О высоком правосознании немцев свидетельствует также и судьба еврейских кладбищ в Рейхе: в 1952 г. кладбищенская комиссия центрального еврейского совета в Германии насчитала в Германии около 1700 еврейских кладбищ{379}. Почему же в Германии сохранилось так много еврейских кладбищ? Почему их не закрыли, не сравняли с землей, как того требовали многие нацисты и как это сделали с синагогами? Дело в том, что закрытие и уничтожение еврейских кладбищ вступало в противоречие с действовавшим земельным правом. Получалось парадоксальное положение: евреев нацистские власти всячески вытесняли из страны, а с еврейскими кладбищами власти обращались также, как и с христианскими, выделяя на уход за ними необходимые средства{380}. Кроме того, в Пруссии действовало правило, в соответствии с которым закрывать кладбище можно было только по истечении 40 лет после последнего захоронения, и чиновники категорически отказывались это правило нарушать.
Короче говоря, когда Гитлер пришел к власти, Германия, может быть, имела не слишком развитую демократическую традицию, зато это была страна фундаментального правопорядка – правопорядок и независимость судебной власти утвердились в Германии с XVIII в., а в XIX в. они расширились и утвердились. Нацисты могли отрицать теоретическое значение либеральной концепции конституционного правопорядка (что они и делали), но удалить все правовые либеральные нормы из судебной и административной практики и вернуться в XVII в. они были не в состоянии.
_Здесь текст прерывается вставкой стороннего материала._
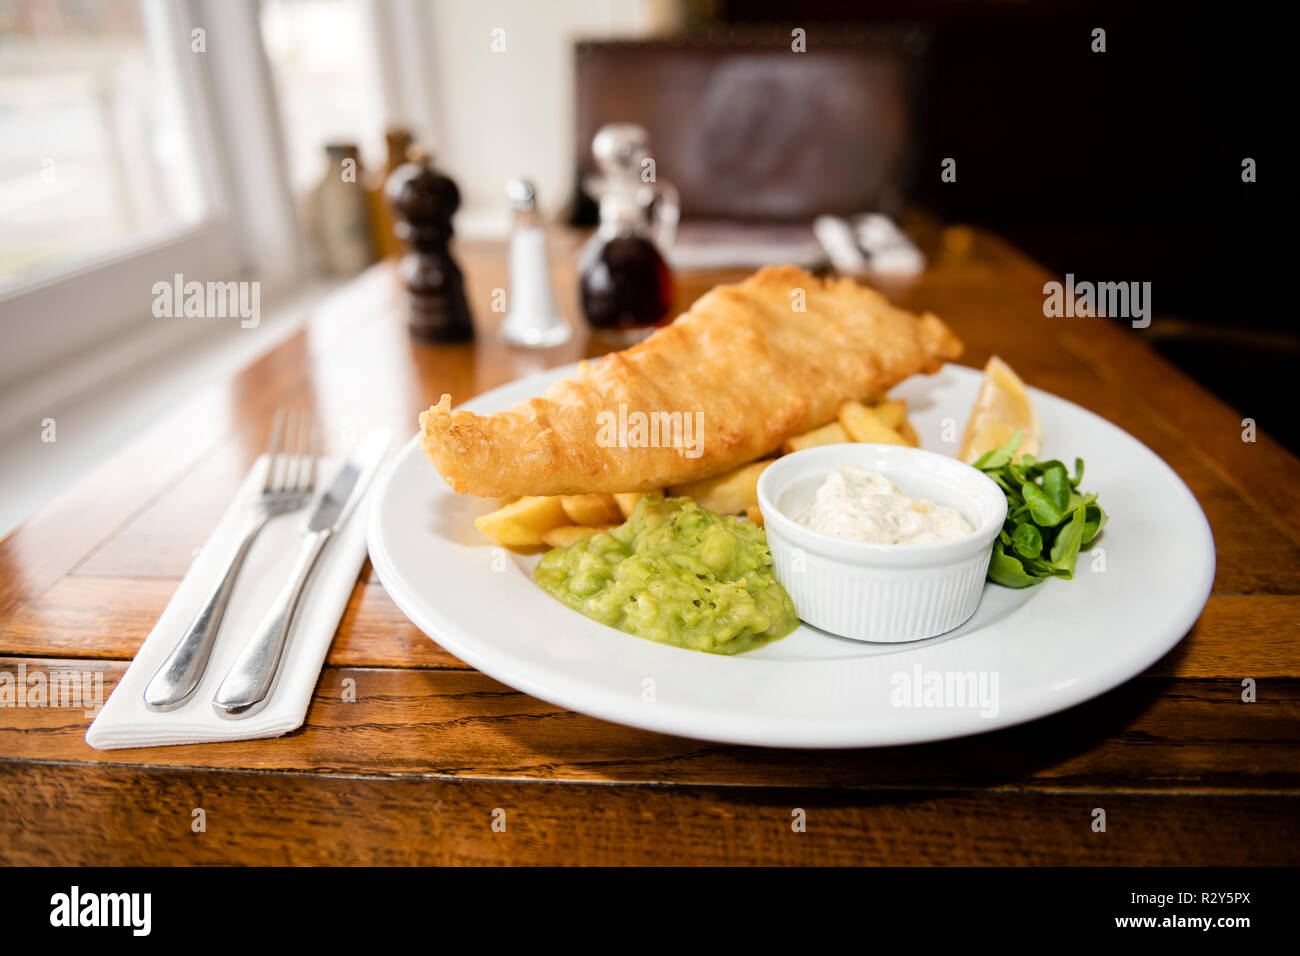 Piatti da pub, UK. Fish & Chips per il pranzo in una locanda. Foto Stock
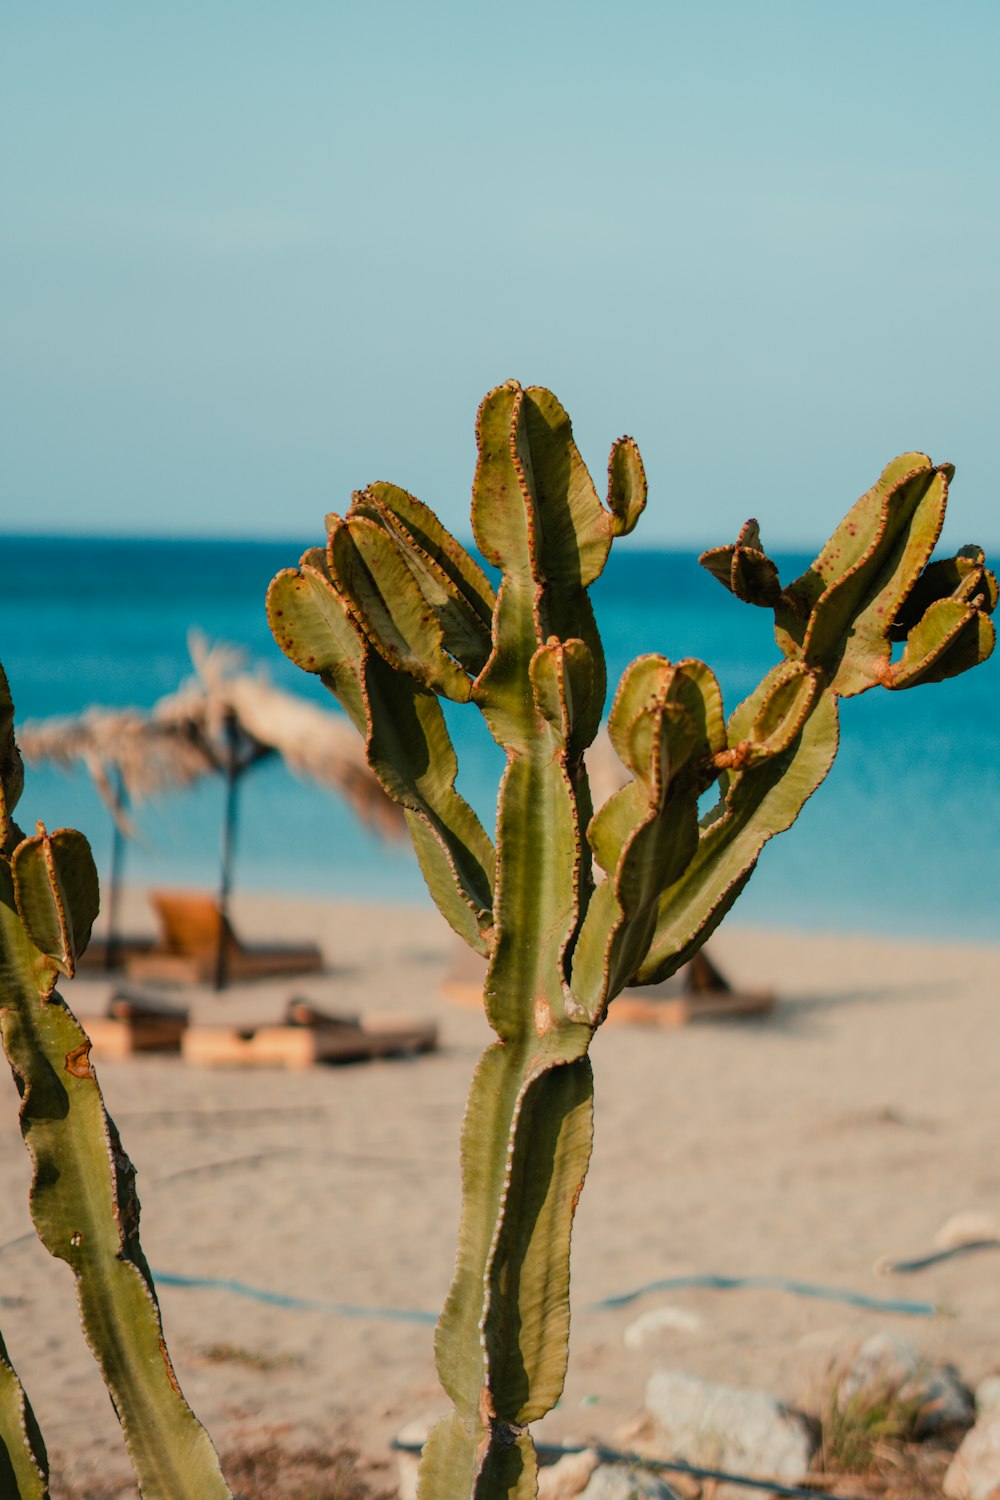 a cactus on a beach near the ocean
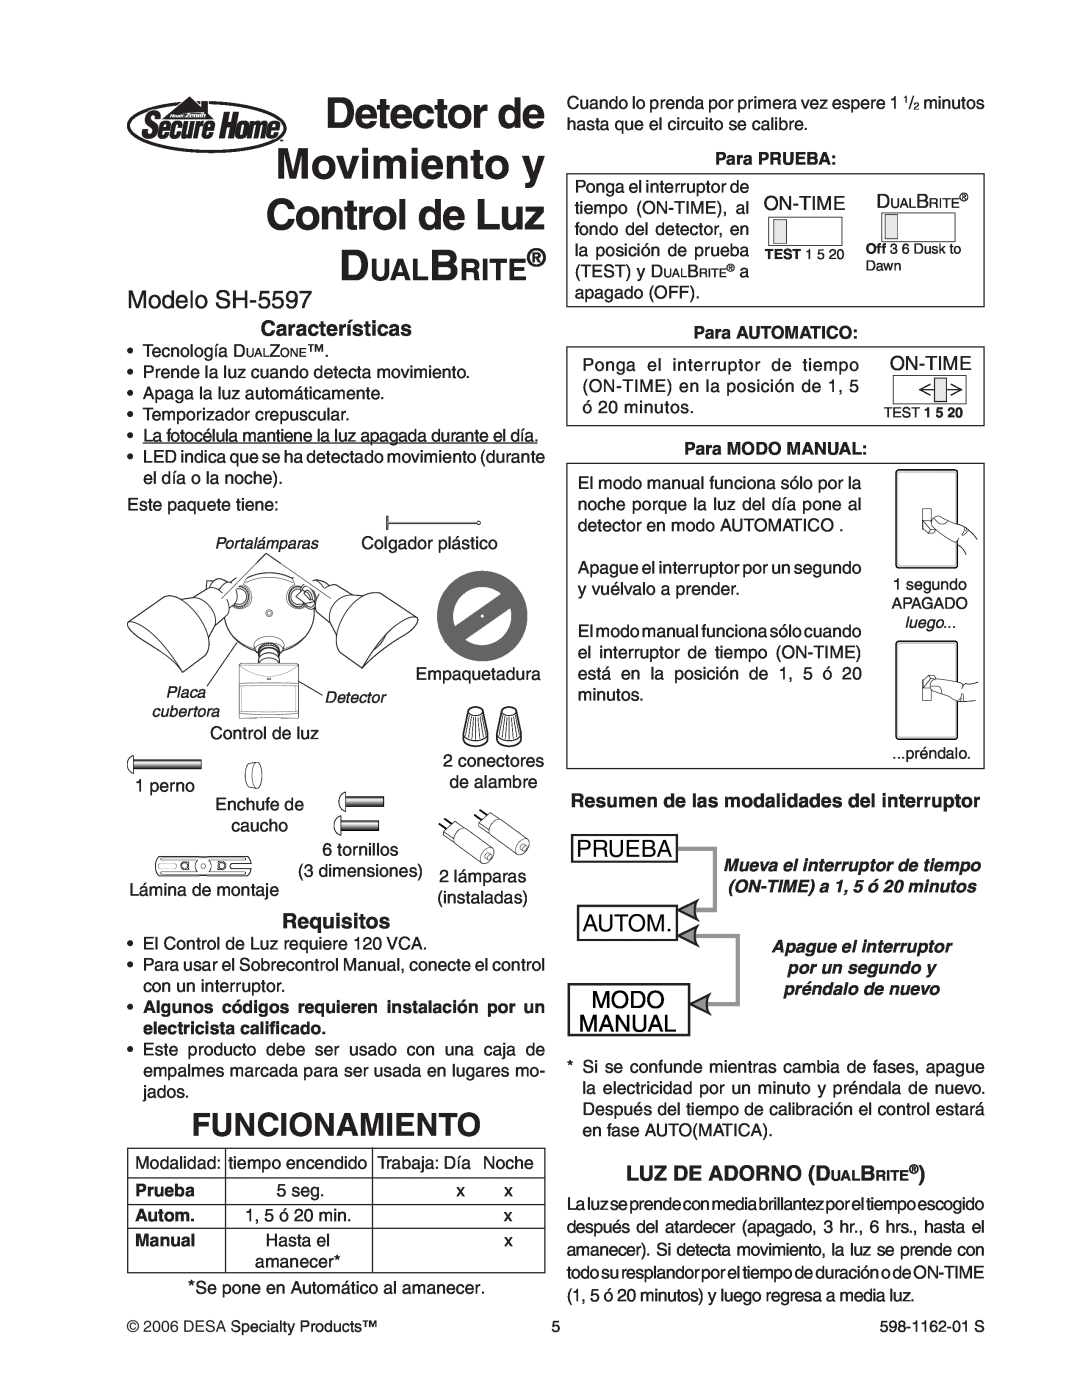 Desa Detector de Movimiento y Control de Luz, Funcionamiento, Modelo SH-5597, Características, Requisitos, Prueba, Modo

Без определенного минимума правового государства не может функционировать современная экономика, невозможно управлять обществом, да и сам нацистский режим потерял бы всякую опору. Кроме того, в Германии правовая традиция была столь значительной, что (в отличие от Советского Союза) к радикальному переделу либеральной правовой системы нацисты так и не прибегли – либо не смогли, либо не захотели; правда, без радикального революционного изменения всего общества это и не было возможным. Поэтому позиция нацистов по отношению к прежней либеральной правовой системе и традиционной независимости судебной власти была в равной степени негативной и оппортунистической.
Следует обратить внимание еще на одно обстоятельство, связанное с тяжелыми политическими условиями первой немецкой республики: политические особенности развития Германии после Первой мировой войны повлияли на то, что правовое государство в Германии начало выхолащиваться еще в 1919 г.; это значительно облегчило Третьему Рейху дальнейшее разрушение права. С падением монархии Гогенцоллернов немецкая юстиция утеряла свой традиционный вид, так как в относительно спокойных и благоприятных условиях кайзеровского государства немецким юристам и в голову не приходило использовать юриспруденцию в политических целях. Попав под сильное политическое давление после 1919 г., немецкая юстиция оказалась не в состоянии противостоять настойчивому давлению. По большому счету, и отряды «фрайкора» и «черный» рейхсвер были нарушением закона, но большинство юристов закрывало на это глаза. «Грехопадение» немецкой юстиции произошло в 1922 г. вследствие принятии закона о защите республики. С принятием этого закона были нарушены некоторые основополагающие права человека, а также юридические принципы. Опираясь на этот прецедент, после пожара рейхстага нацисты ввели чрезвычайное положение, а также внедрили систему особых судов, к которым сначала принадлежал и пресловутый «народный суд» (Volksgerichtfhof){381}. Дезориентации немецкого правосудия способствовала его политизация, в процессе которой многие правовые принципы были нарушены и извращены, что и облегчило «интеграцию» юристов Веймарской республики в Третий Рейх.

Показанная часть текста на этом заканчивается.